Remarkably, that bit of information proved to be prophetic.

Late one evening on our way back to camp, that was precisely the case. We were late starting our return back to camp, and in an effort to avoid the hazards of night driving on what the Aussies loosely refer to as “roads,” Walker began pressing the gas pedal a little bit harder than usual. In another 10 minutes, it would be too dark for a shot (and besides, by that point, our thoughts were more on filling our bellies than on hunting).

As we came around the corner, my mind was jolted back to the reality of why I had come to Australia when we came face to face with a herd of about a dozen animals. Even though the herd was comprised mostly of cows, calves and immature bulls, there was one very fine herd bull in the mix.

Amazingly, they paid little attention to us. We quickly closed the range to about 50 yards. Moments later, the outback silence was once again broken by the sound of a 570-grain Barnes Triple-Shock X bullet as it left my rifle’s muzzle. And once again, the bullet entered just behind the shoulder, causing the bull to lunge forward upon impact. It was clear this time that no follow-up shot would be necessary.

After taking only a few steps, the bull stumbled and went down hard on his nose, then toppled over.
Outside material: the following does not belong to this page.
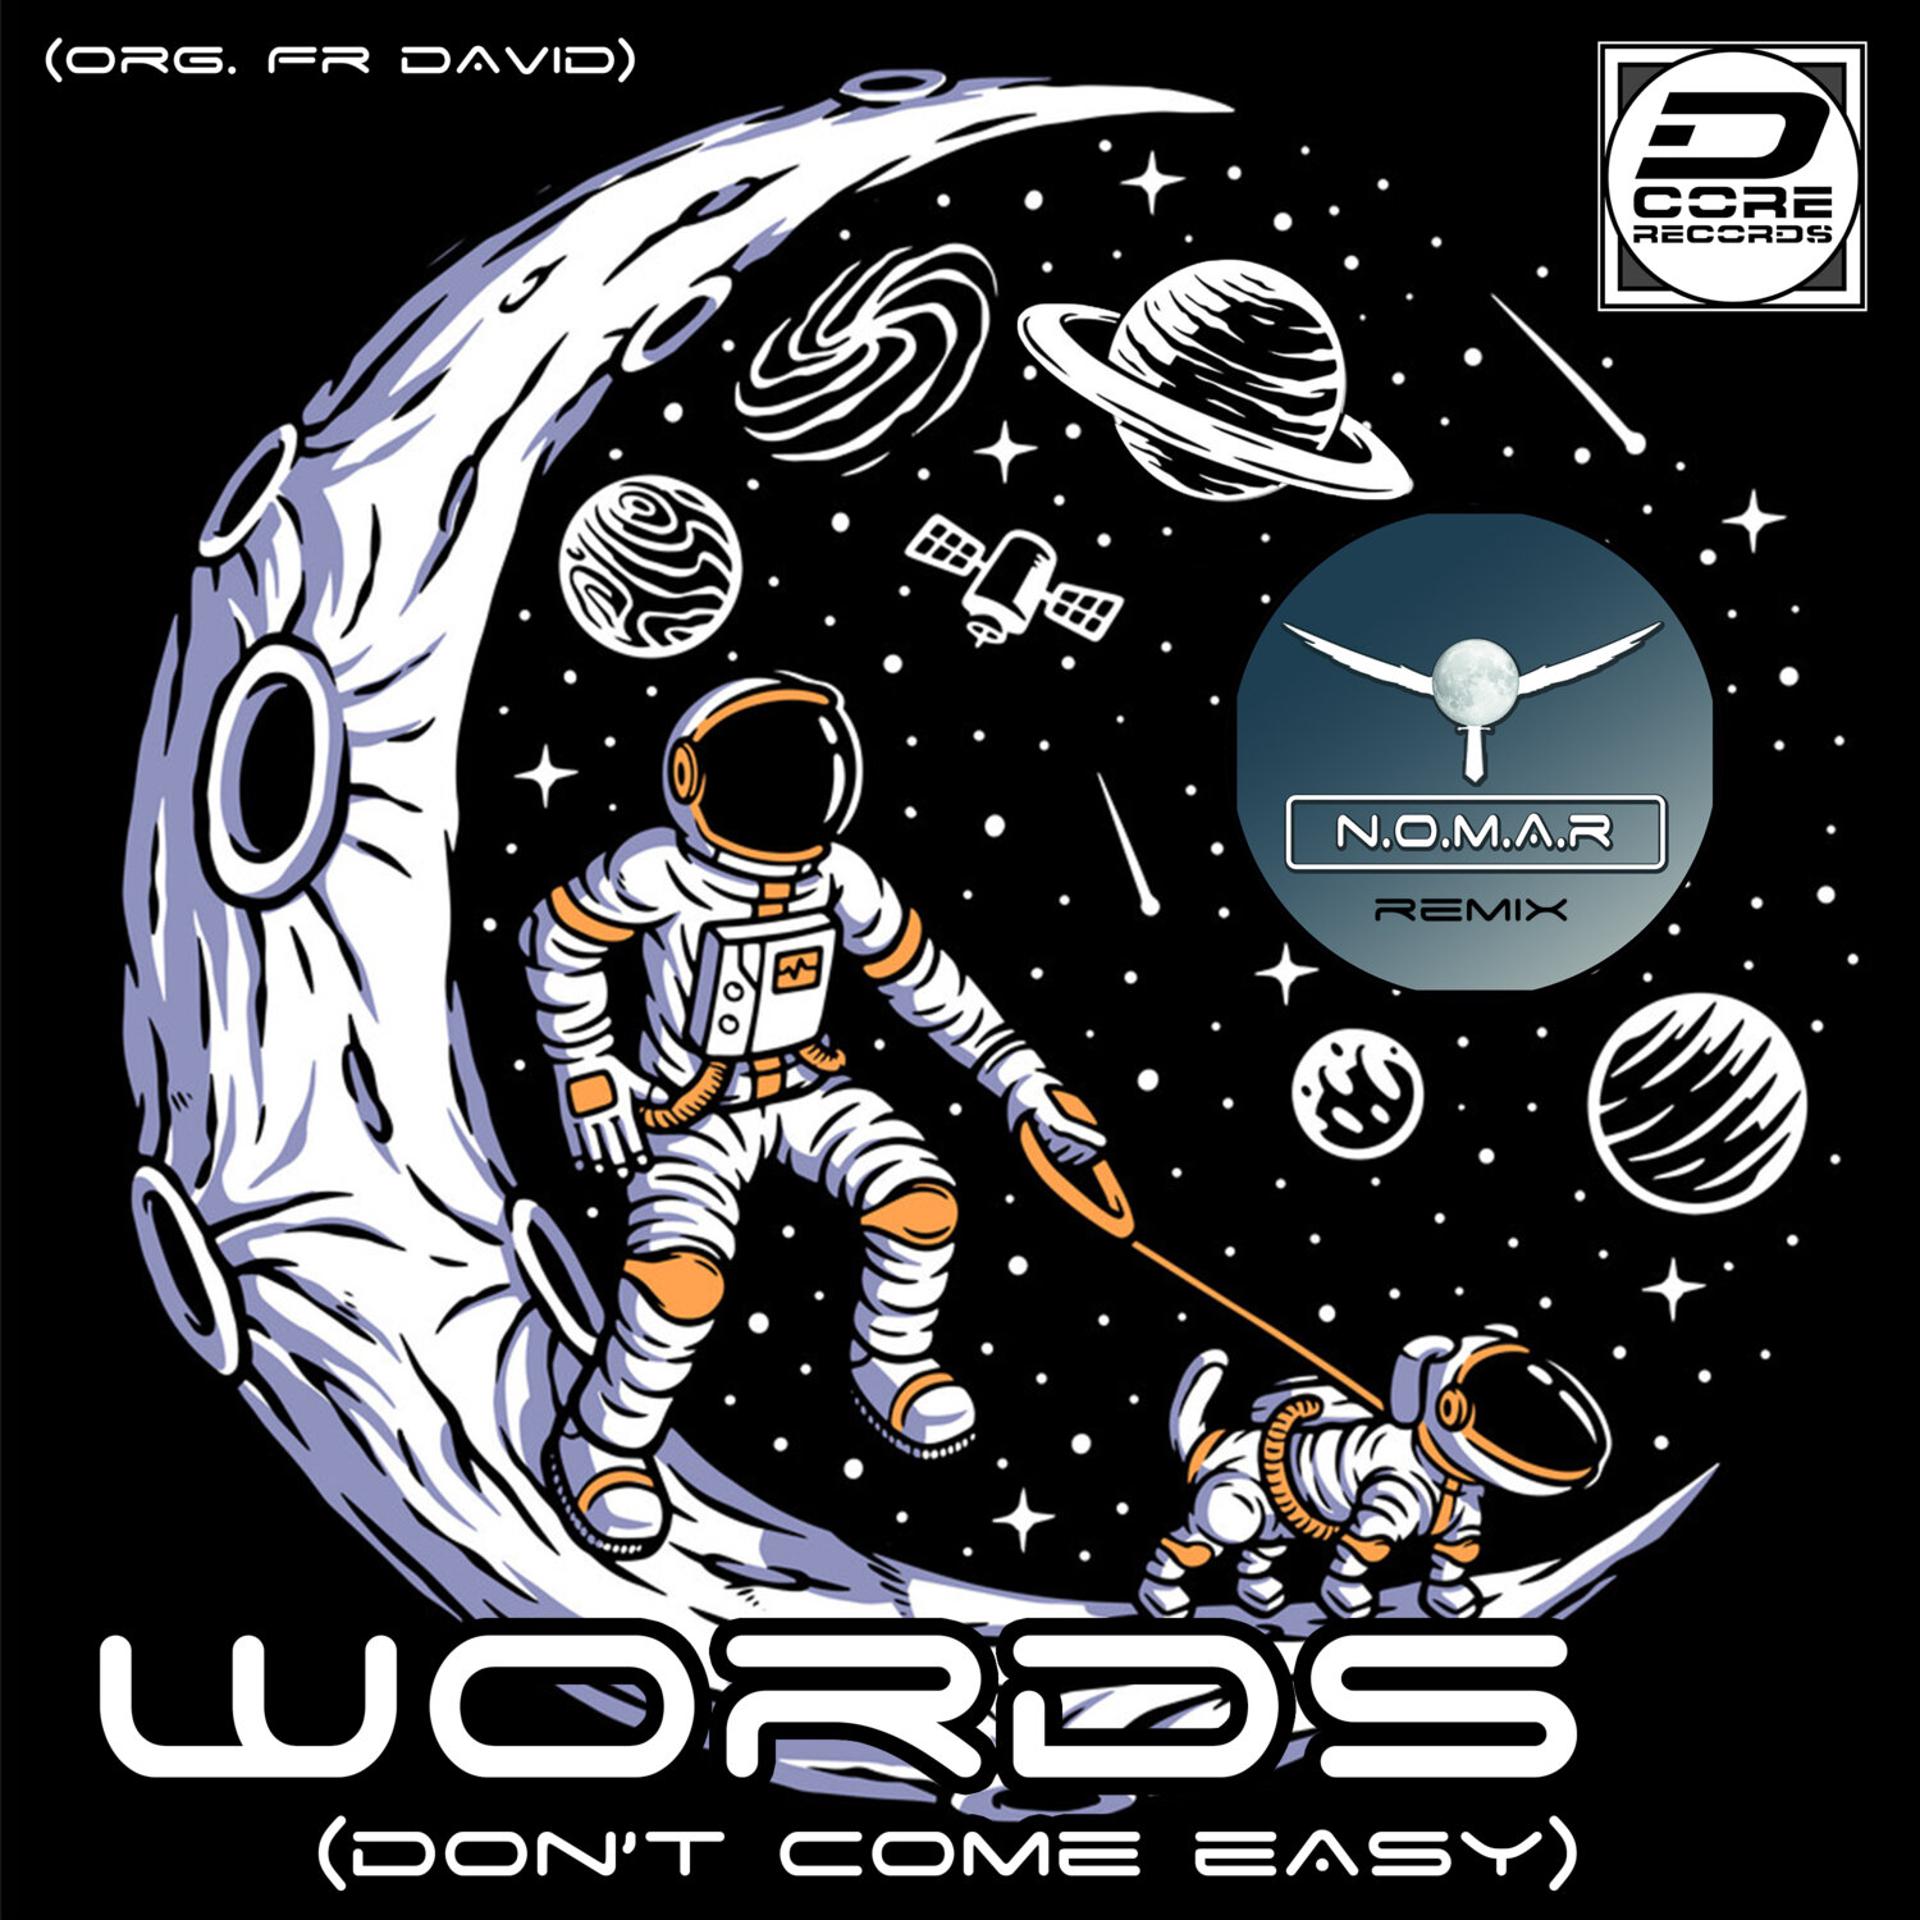 Постер альбома Words (Don't Come Easy - ReMix) (org. by FR David)

He was a beautiful bull that later scored 96½ inches and possessed nearly perfectly matched horns that swept wide and flat, compared to the more usual upswept horns. And this one met with Gleeson’s approval, as well as my own.
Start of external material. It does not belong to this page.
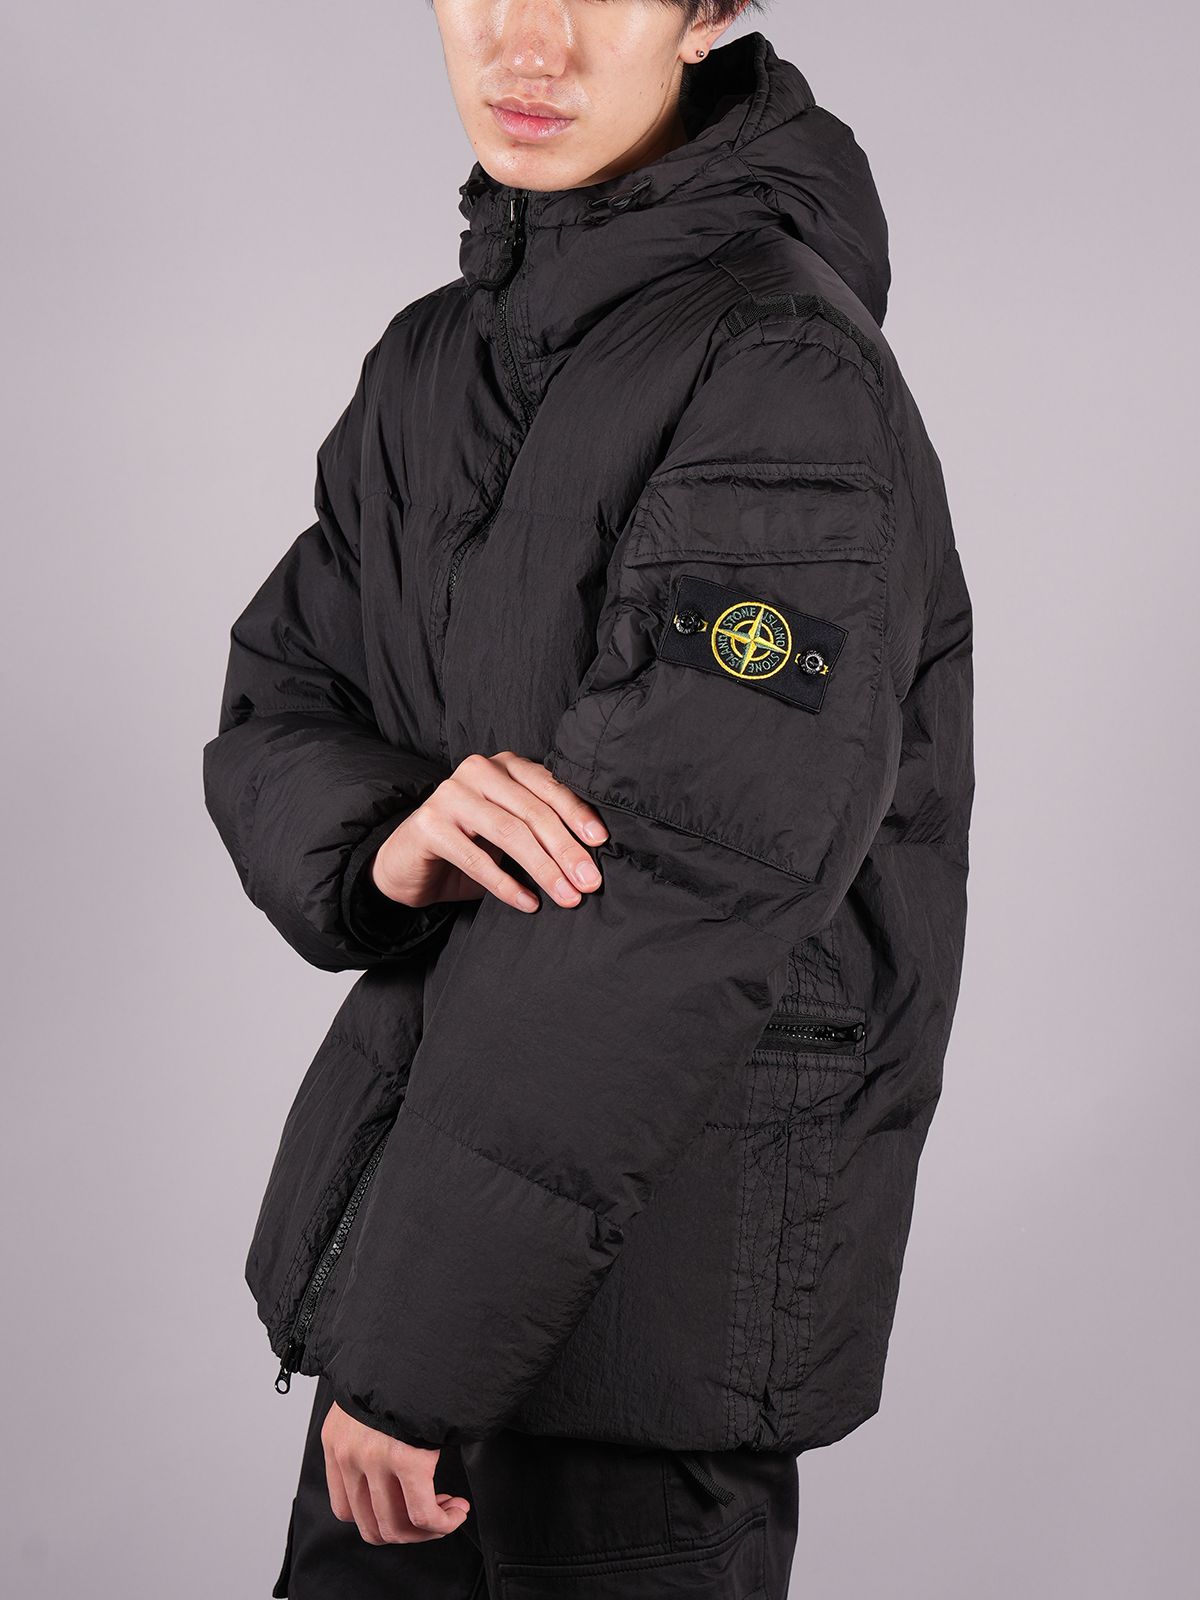 STONE ISLAND - 【残りわずか】 GARMENT DYED CRINKLE REPS R-NY

My custom-built Coffin rifle performed its duties flawlessly, and I came away thinking that the .500 Jeffrey Rimless cartridge was the ultimate match for the huge Australian buffalo. All three of my handloaded Barnes Triple-Shock X bullets did their jobs well. In every case, they plowed their way through the buffalo’s heavy bone and muscle tissue, lodging either just under the skin on the opposing side or close to that area.

The two bullets retrieved from the first bull mushroomed perfectly and retained a full 100 percent of their original weight. The bullet removed from the second bull had mushroomed equally well, but it had lost 49 grains of its weight. Nevertheless, it still retained 91 percent of its original weight. You simply can’t expect better performance from a bullet under such challenging conditions.

This certainly was a hunt to remember, and the fact that my custom-built .500 Jeffrey performed its duties so well only added to the adventure.